The events of the last five months or so have brought the discipline of cash flow management even more to the forefront of good, if not essential business management.  It’s well accepted that “Cash is King” and is the lifeblood of a business and the UK Government certainly appreciates this having stepped in with a package of measures in response to Covid-19 to bolster the cash flow of UK Business at a cost of around £200 billion to date and with an overall cost possibly as much as £400 billion by the end of this 2020-21 fiscal year, per Treasury, downside estimates.  Whilst a large proportion of this support has been in the form of non-repayable grants, there has been a huge amount of cash provided to businesses through a combination of loans, tax deferrals and time to pay arrangements be it for VAT, corporation tax, income tax or general payroll taxes.  These deferrals and loans will have to be paid for in the not too distant future commencing with January 2021 for those who deferred their income tax payments on account and March 2021 for those who deferred VAT in the quarter ended 30 June 2020.
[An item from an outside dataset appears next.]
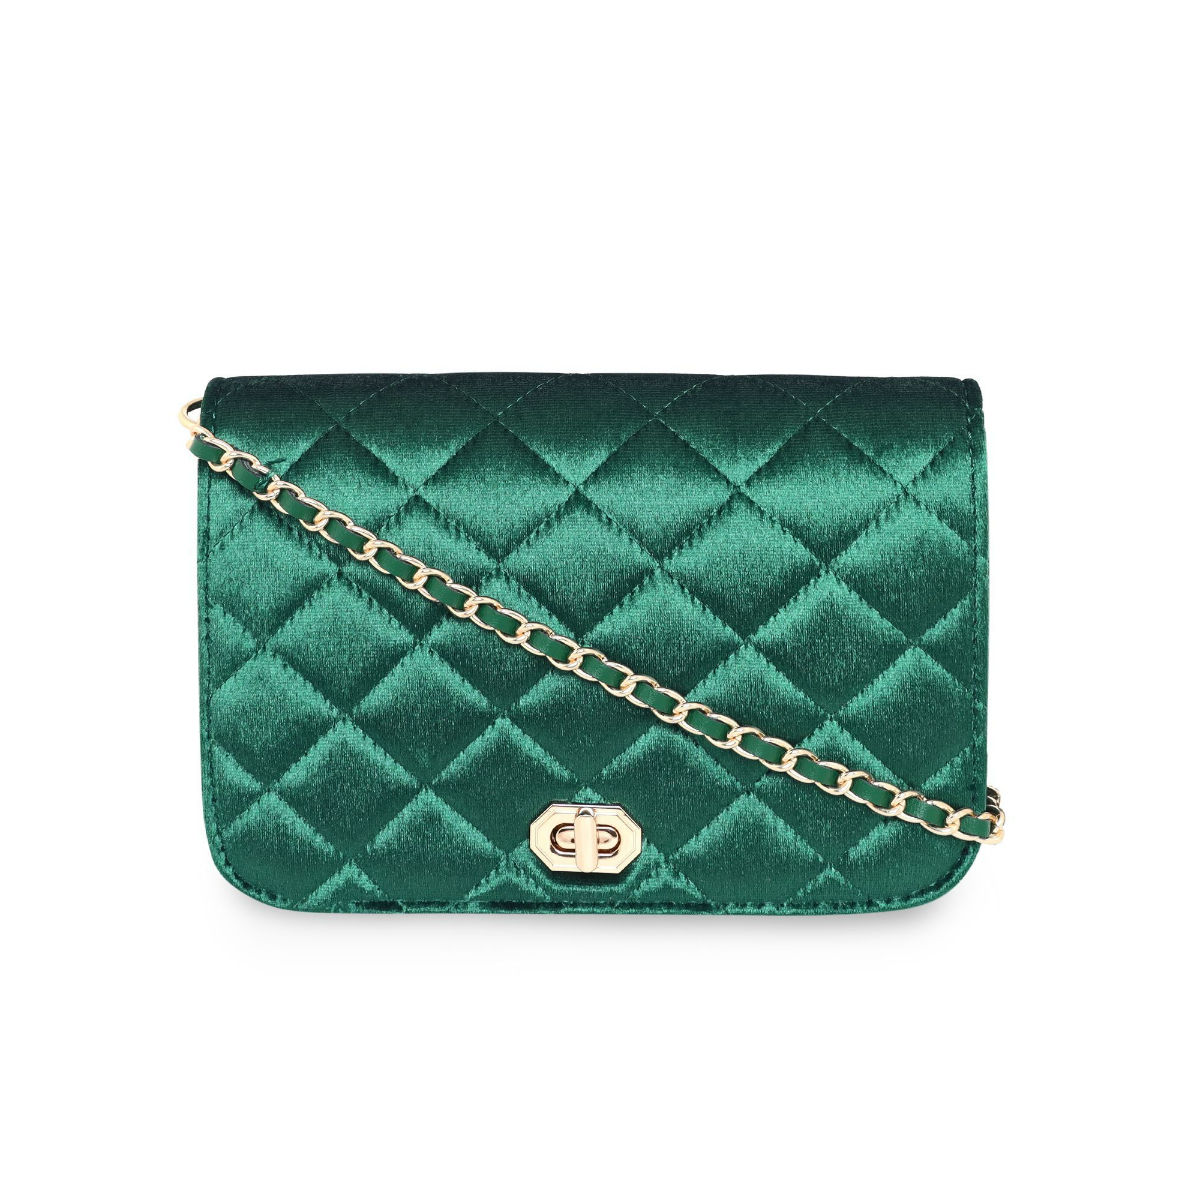 Buy Green Handbags for Women by Haute Sauce Online | Ajio.com

The full impact of Covid-19 and the lockdown is unknown but here are some tips on how to manage cash, which have always applied but are even more pertinent given the inevitable squeeze on cash flow being faced by many businesses due to the decline in economic activity and confidence.

  1. Bookkeeping and automation
  • If you haven’t already done so, consider moving onto a cloud bookkeeping system such as Xero or FreeAgent amongst others as they will give reliable and up to date information on cash held by the business and save cash through efficiencies.
  • Key benefits include:
    1. Time saving through automation via direct bank feeds and machine learning.
    2. Having add-ons such as a purchase invoice processing apps that uses optical character recognition such as ReceiptBank or Hubdoc will mean that all your purchase invoices and expense receipts once scanned are automatically entered into Xero and kept in secure cloud storage, which has the added benefit of you not having to maintain hard copies of invoices for the mandatory 6 year period in case HMRC ever want to have a look at them.
    3. Real time reporting whereby you can get an instant view of how your business is performing, crucial to making cash flow related decisions.
    4. Monitoring KPIs through customisable dashboards that can drill into more granular detail when needed with a few, simple clicks of a mouse.
    5. Access to all this information from pretty much any web-enabled device including a mobile phone.
  1. Cashflow forecasts
  • Look at adding on a cash flow forecasting app to your bookkeeping solution such as Futrli, Fluidly of Float. Once set up they will highlight any peaks and troughs in the amount of cash held by your business in the coming months and years and will highlight whether there’s a funding gap and the need, perhaps to seek finance be it short term or long term.
  • It is usually easier to negotiate a better deal on finance when you don’t need it than when you are at the point when it’s critical for business survival.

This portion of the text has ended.